In November 2004, a suspect was killed during a high-speed pursuit involving State and Cochise County officers. The officers were unable to identify the suspect and after an autopsy, the body was buried at county expense. Two months later, the suspect was identified as 15 year-old Angel Romo. Romo’s mother, Plaintiff Gloria Vasquez, subsequently brought a wrongful death suit against the State and Department of Public Safety (“State”), as well as separate claims against the State and Cochise County (“County”) for wrongful handling of a dead body and negligent infliction of emotional distress. Before suing, she filed a notice of claim with the State for wrongful death in which she demanded $750,000, supporting that amount only with the fact that Romo was her “15-year old son.” The County moved for summary judgment arguing that it had no duty to identify Romo or to notify Vasquez of his death. The State joined the motion, and additionally moved to dismiss based on Vasquez’s failure to strictly comply with the notice of claim statute, A.R.S. § 12-821.01. The trial court granted both motions, and Vasquez appealed.
The Arizona Appeals Court affirmed in part and reversed in part. The Court first addressed whether Vasquez’s notice of claim contained “facts supporting” the amount she demanded, as required under A.R.S. § 12-821.01(A). Citing Backus v. State, 534 Ariz. Adv. Rep. 26 (Ct. App. July 17, 2008) and Yollin v. City of Glendale, 536 Ariz. Adv. Rep. 20 (Ct. App. Aug. 5, 2008), the Court explained that a notice of claim for wrongful death is sufficient if it provides any facts, no matter how meager, to support the amount claimed. Applying that standard, and noting that it is appropriate to consider the type of action when determining what facts must be provided, the Court held that the fact that Romo was Vasquez’s son and died prematurely was sufficient to satisfy the notice of claim statute. The Court therefore reversed on the wrongful death claim.

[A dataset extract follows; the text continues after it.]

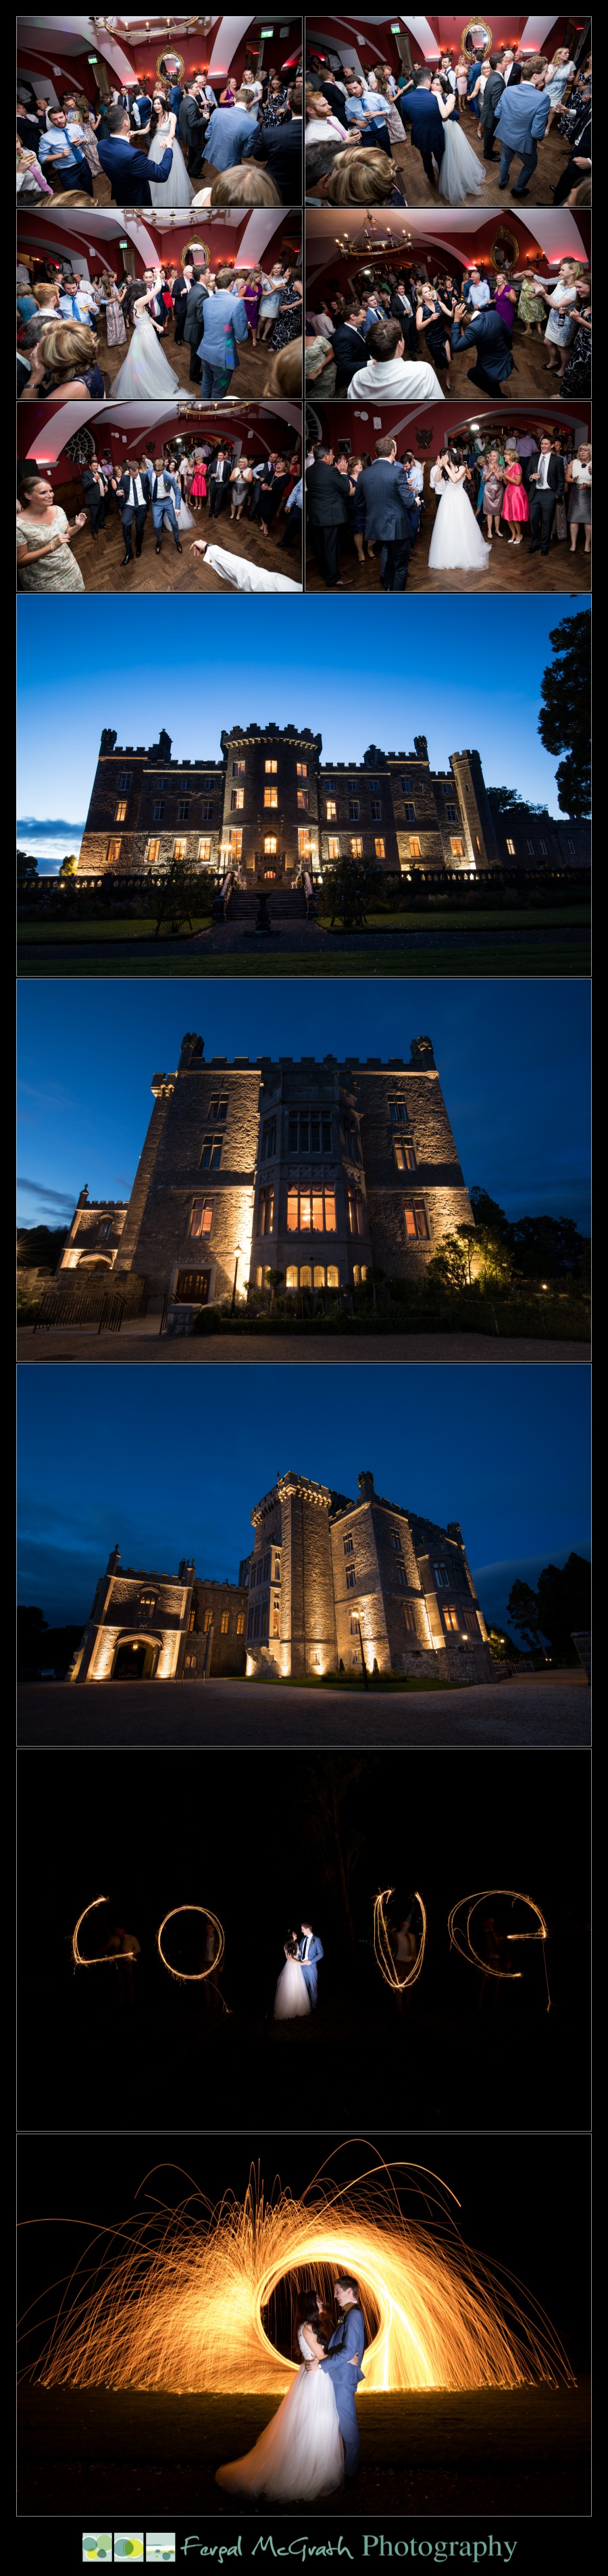 Markree Castle Wedding at night

The Court then held that the State and County’s did not have a duty to identify Romo or notify Vasquez of his death. The Court first rejected Vasquez’s argument that such a duty arises from A.R.S. § 28-624(D), which imposes on drivers of emergency vehicles a “duty to drive with due regard for the safety of all persons,” because that statute does not impose any duty related to post-pursuit identification of a suspect or notification of family members. The Court next rejected the argument, based on Restatement (Second) of Torts § 314A(4), that a duty arose as a result of the “apprehension” of Romo. No special relationship, and thus no duty, arose because Romo died before being apprehended or taken into custody, and nothing in § 314A(4) suggests that a special relationship is created when custody is taken of a dead body. Next, the Court rejected the argument that a special relationship, and therefore a duty, arose by virtue of the State and County’s investigation following Romo’s death. Citing Morton v. Maricopa County, 177 Ariz. 147, 865 P.2d 808 (App. 1993), the Court held that a special relationship does not arise merely when an investigation is undertaken. Finally, the Court rejected Vasquez’s argument that her claims were independently actionable under Restatement § 868, which prohibits the improper treatment of bodies. Regardless of the theory of her claims, Vasquez failed to demonstrate that the State or County had a duty to identify Romo’s body. Moreover, the County acted properly in disposing of Romo’s body under A.R.S. § 11-600(A), which applies to unidentified bodies. The Court therefore upheld the trial court’s grant of summary judgment on the wrongful handling of a dead body and negligent infliction of emotional distress claims.
Judge Eckerstrom concurred in part and dissented in part. He disagreed with the majority’s holding that the State and County had no duty to identify Romo, and argued that such a duty existed by virtue of the State and County’s conduct in pursuing Romo, taking sole responsibility and custody of his body, and undertaking some effort to identify his body.
Chief Judge Pelander authored the opinion; Judge Vasquez concurred; Judge Eckerstrom concurred in part and dissented in part.